Maybe mansion is a bit of an overstatement—but the sentiment is there. It's larger than the Soberano-Godfrey residence, about an additional two-quarters of the size. There's long, thick ivory-colored pillars that line the front porch, accompanied with wooden rocking chairs. I had to take a step back and admire the house in full beauty.

A door slams behind me and I turn on my spot, seeing Scott closing the backdoor where my duffle bag sat, throwing the strap over his shoulder with a twisted look. I knew the bag was heavy.

He reaches the porch and produces his keys from his hand, sliding it into the keyhole, turning the lock. "God, your bad is so heavy, what is in it?" He asks, just as the locks disengages and the door swings open.

"Everything." I say, taking the weight off his shoulders and stepping inside.

"What?" I hear behind me, while I drop the bag on the foot of the curved staircase, leading up to the second floor, with steel railings lining the edge of the steps. I turn to my left, noting a closed-door office and to my right, an empty room with large spacing, and decorative portraits hung on the white walls.

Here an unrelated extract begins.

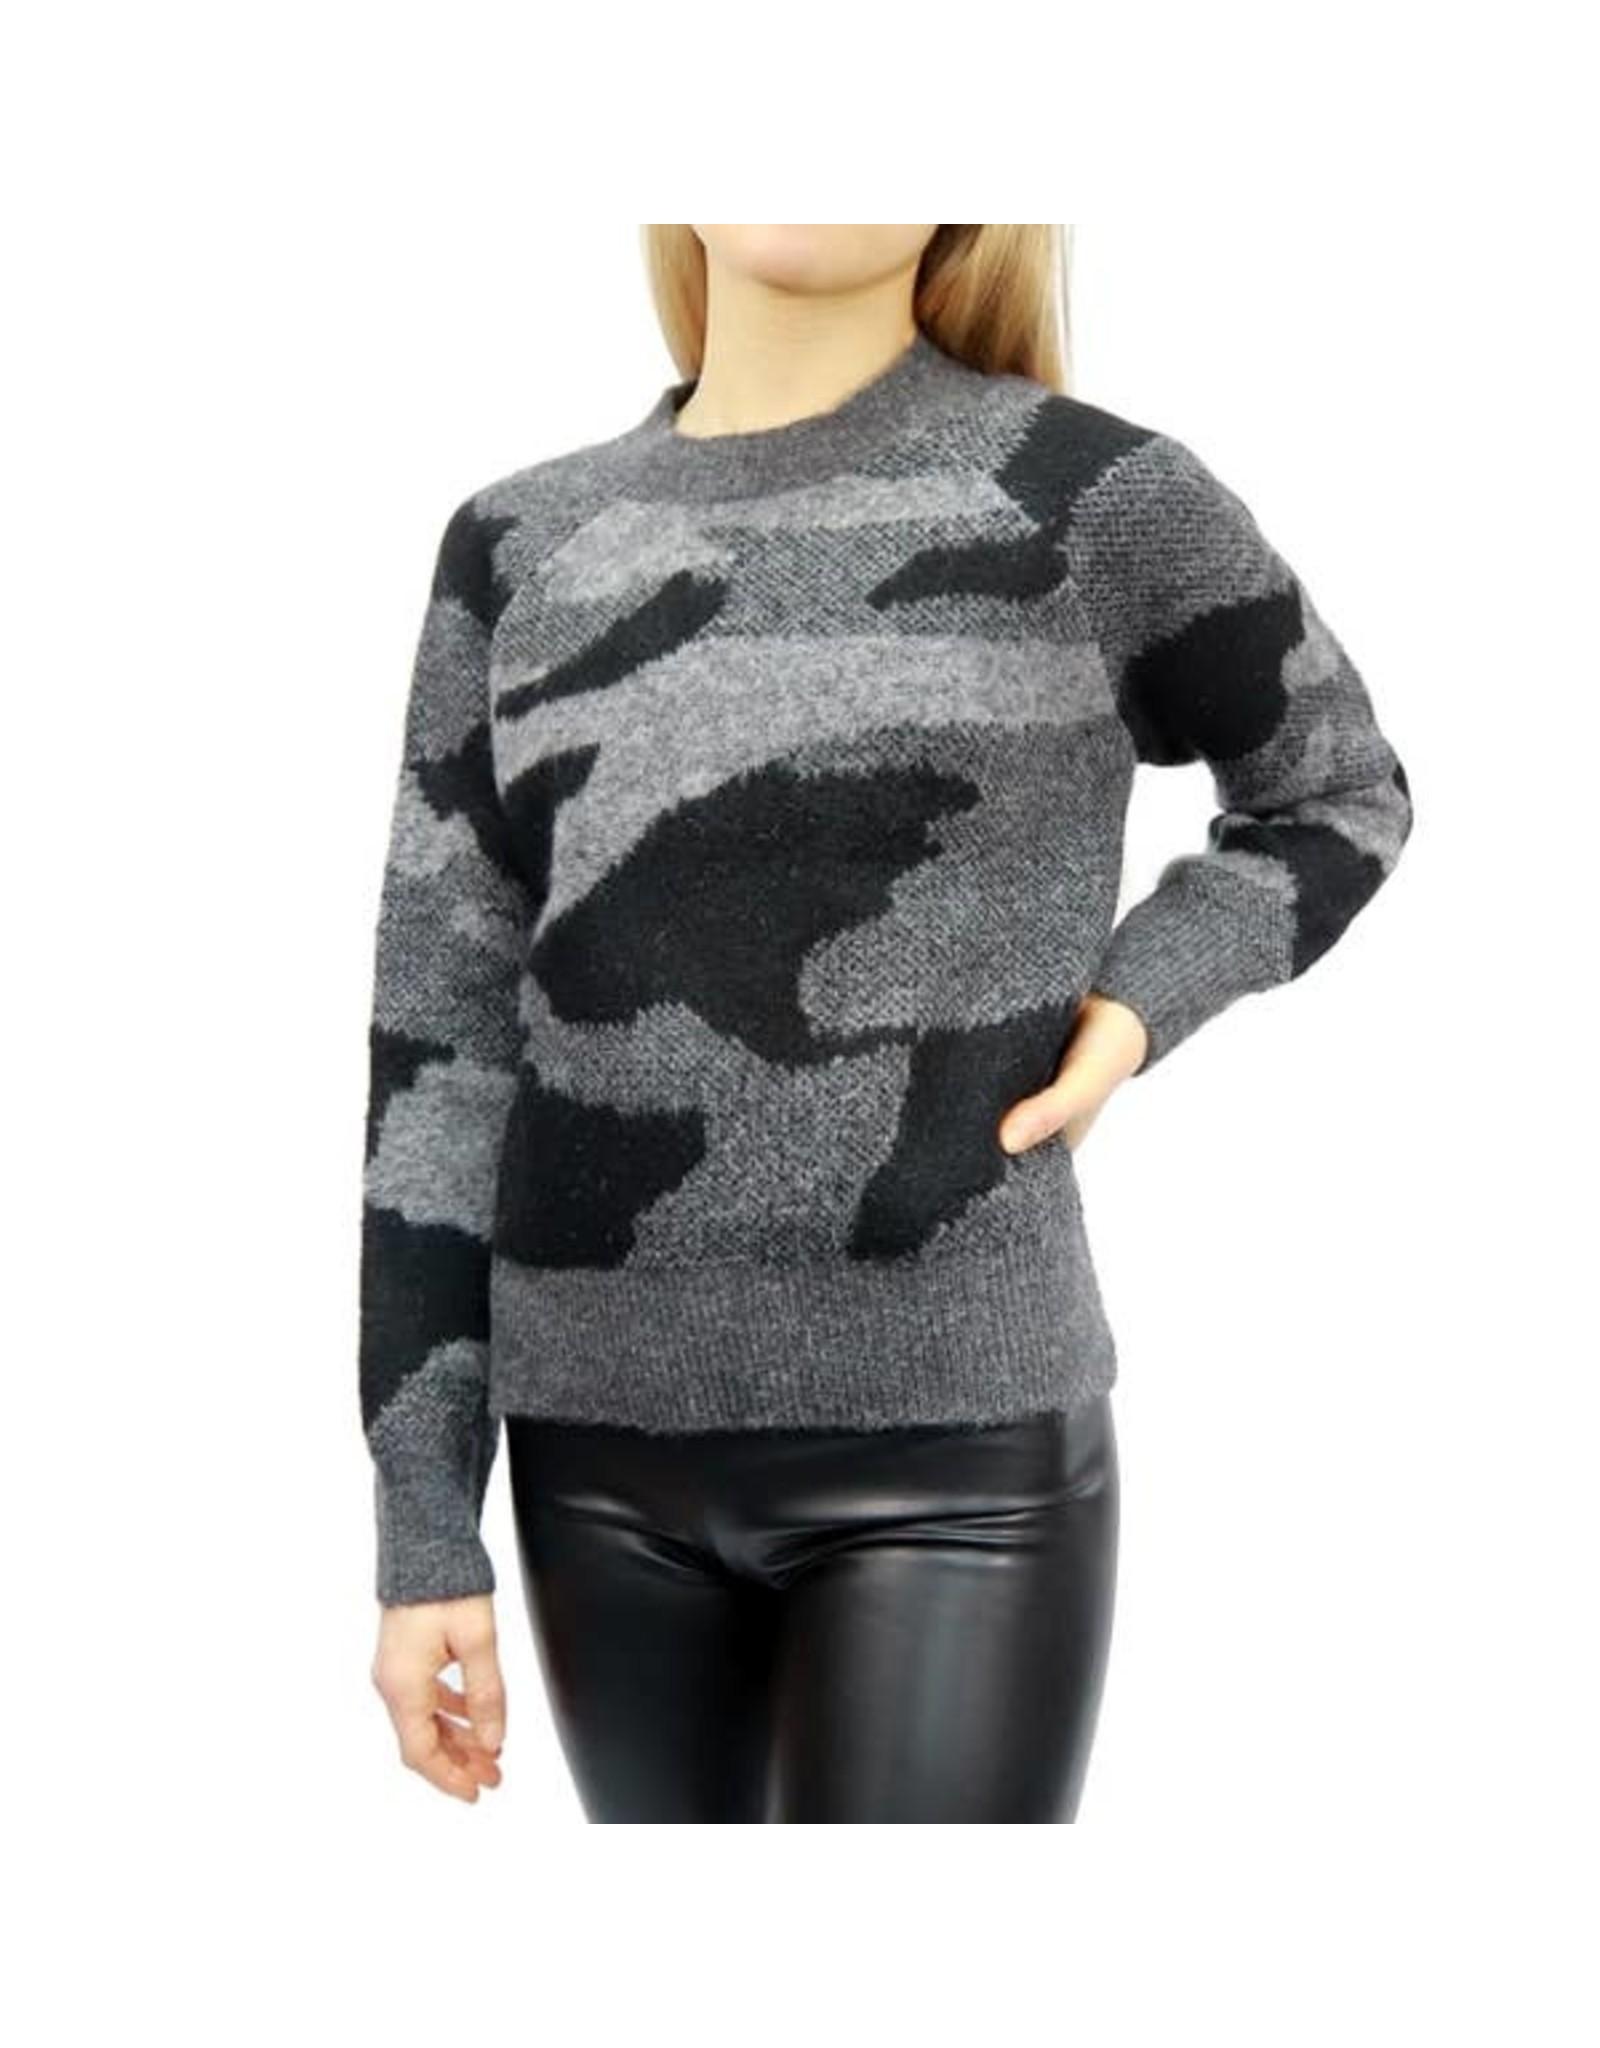 RD Style - Camo Crew Sweater

This is a big fucking house.

"How can you afford this?" I turn around, seeing my brother close the door behind him with a lock, "this place is massive—why'd you buy this big of a house for one?"

He doesn't answer immediately, and as he's about to, I cut him off, "or do you have roommates?" The thought occurred upon me. "Fuck, I forgot to ask about them."

"I don't have roommates." He clears up, causing a sigh of relief to escape me.

"Thank God." I mumble under my breath, taking a long look around the foyer again. "So, where is my bedroom?"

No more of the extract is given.